Sebagaimana dari kekuasaan itu memiliki kualitas pengaruh sosial pada masyarakat. Berdasarkan hasil penelitian kami, sesuai modal sosial menurut Bourdieu ini adalah adanya hubungan masyarakat dalam kehidupan sosial. Modal sosial disini bisa dilihat dari kualitasnya, ada pengaruh langsung dan tidak lansung (Philipus. 2004:108). Seorang aktor dalam kekuasaan itu dikatakan mempunyai pengaruh langsung jika ia sendiri menentukan keputusan final. Menurut Bourdieu, seorang individu atau aktor adalah dipengaruhi oleh strukturnya, tetapi juga individu tersebut bebas untuk bertindak sesuai dengan keinginannya. Sehingga disini yang menentukan praktek atau tindakan individu adalah ranah dimana ia berada dan habitus masing-masing individu.
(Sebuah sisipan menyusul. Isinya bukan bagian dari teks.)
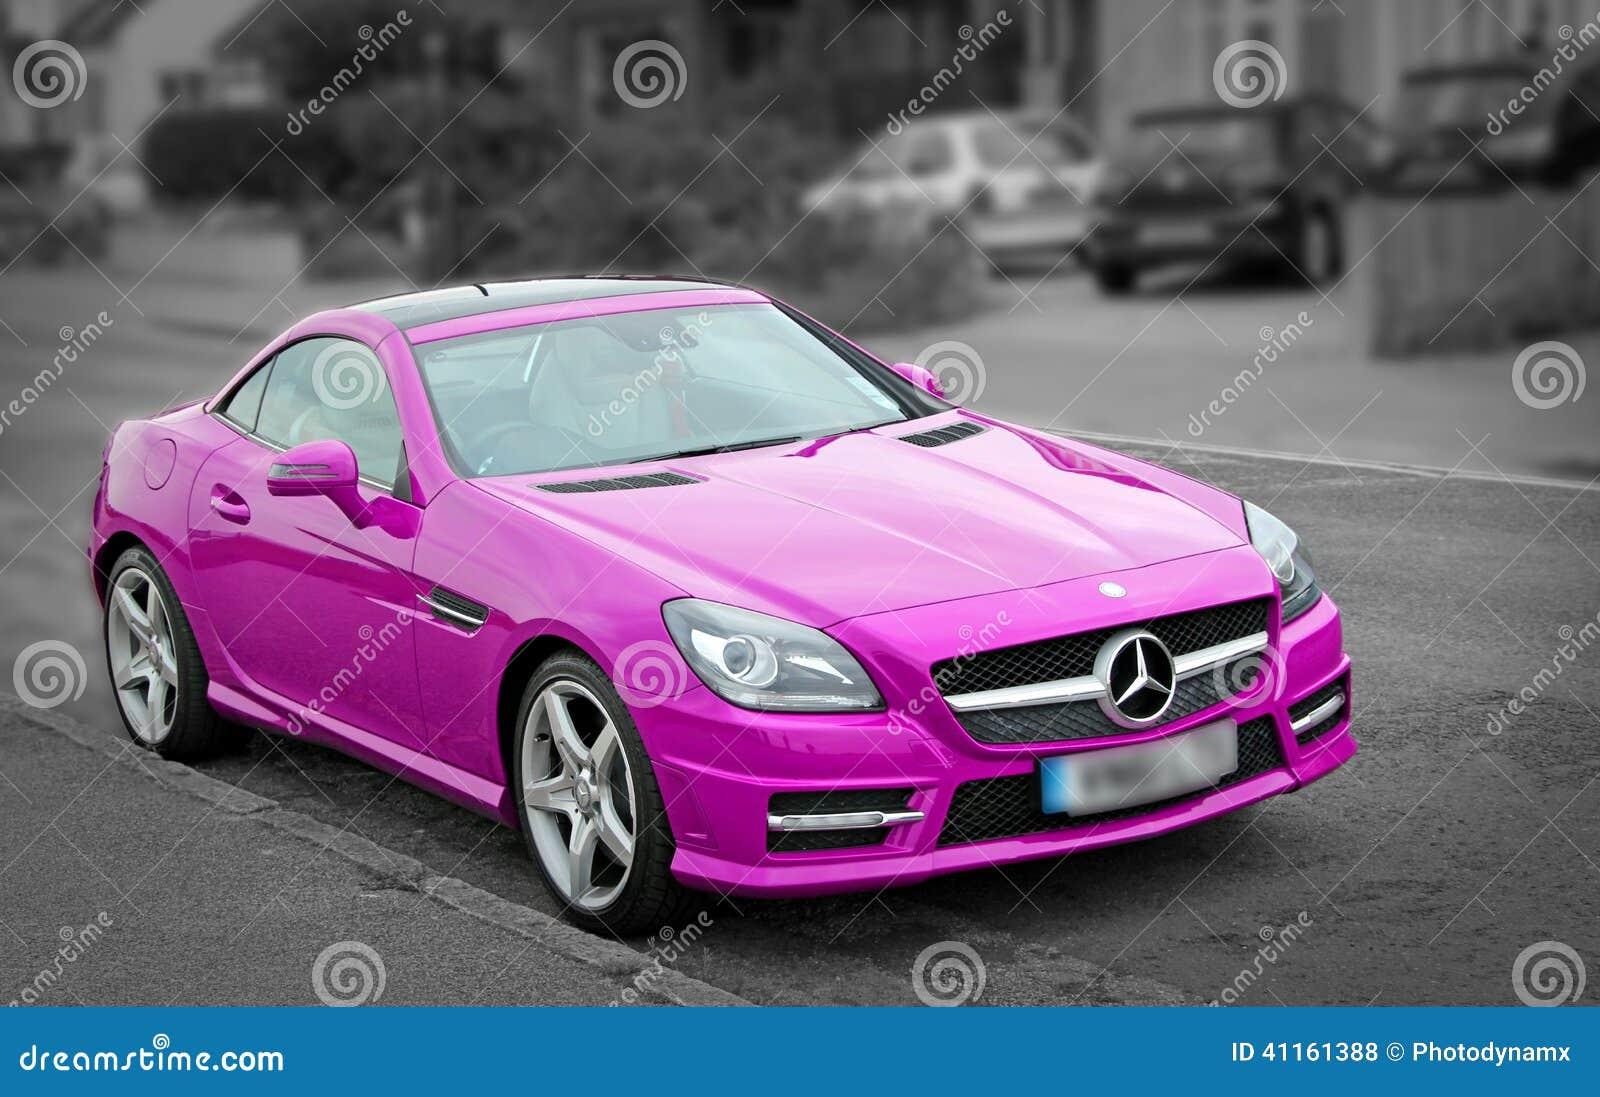 Lipstick Pink Car Paint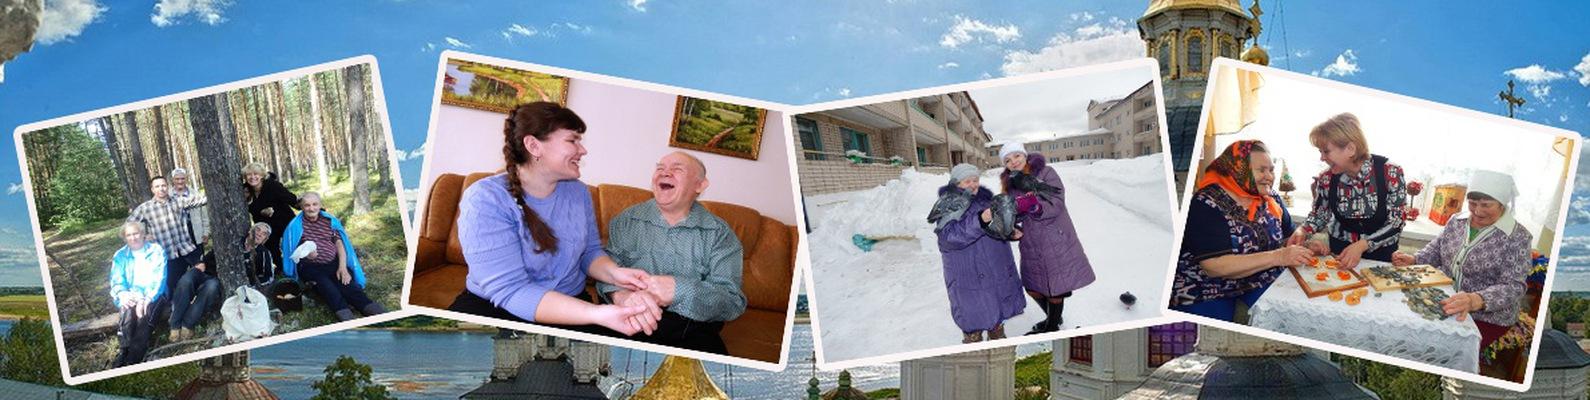 Дом престарелых красавино дом престарелых в ивайтенки

Dalam penelitian ini, dari kekuasaan elite formal ini berperan dalam masyarakat sehingga memunculkan pengaruh sosial di masyarakat dengan segala kontribusi dari modal simbolik. Kontribusi disini dapat ditemukan ketika adanya dana untuk pembangunan jamban disekolah-sekolah, dan sebagainya. Dimana hal seperti itu dilihat pula dari kondisi sosial yang ada. Kondisi sosial mengenai pengaruh dari elite ini juga dapat menumbuhkan kesadaran warga desa akan pentingnya usaha-usaha pembangunan sebagai sarana untuk memperbaiki kondisi sosial dan dalam meningkatkan partisipasi warga desa dalam pembangunan banyak tergantung pada kemampuan pemimpin.
  1. Modal Simbolik
Bourdieu (dalam Martini. 2012:33) Modal simbolik yaitu berasal dari kehormatan dan prestise seseorang. Modal simbolik merupakan sebuah bentuk modal yang berasal dari jenis lain, yang disalahkenali bukan sebagai modal yang semena, melainkan dikenali dan diakui sebagai sesuatu yang sah dan natural. Misalnya posisi atau jabatan seseorang.
Simbolik dalam hal ini adalah kekuasaan. Kekuasaan adalah kemampuan seseorang atau sekelompok orang untuk memengaruhi tingkah laku orang lain atau kelompok lain sesuai dengan keinginan dari si pemilik pengaruh (Philipus. 2004:98). Kekuasaan yang dimaksud disini adalah kelompok elite. Kelompok elite yang sangat aktif menerapkan kekuatan dan kekuasaan yang mereka miliki, bahkan kekuasaannya itu diintegrasikan dengan kekuatan elite lain sehingga menciptakan jaringan yang tak tertandingi.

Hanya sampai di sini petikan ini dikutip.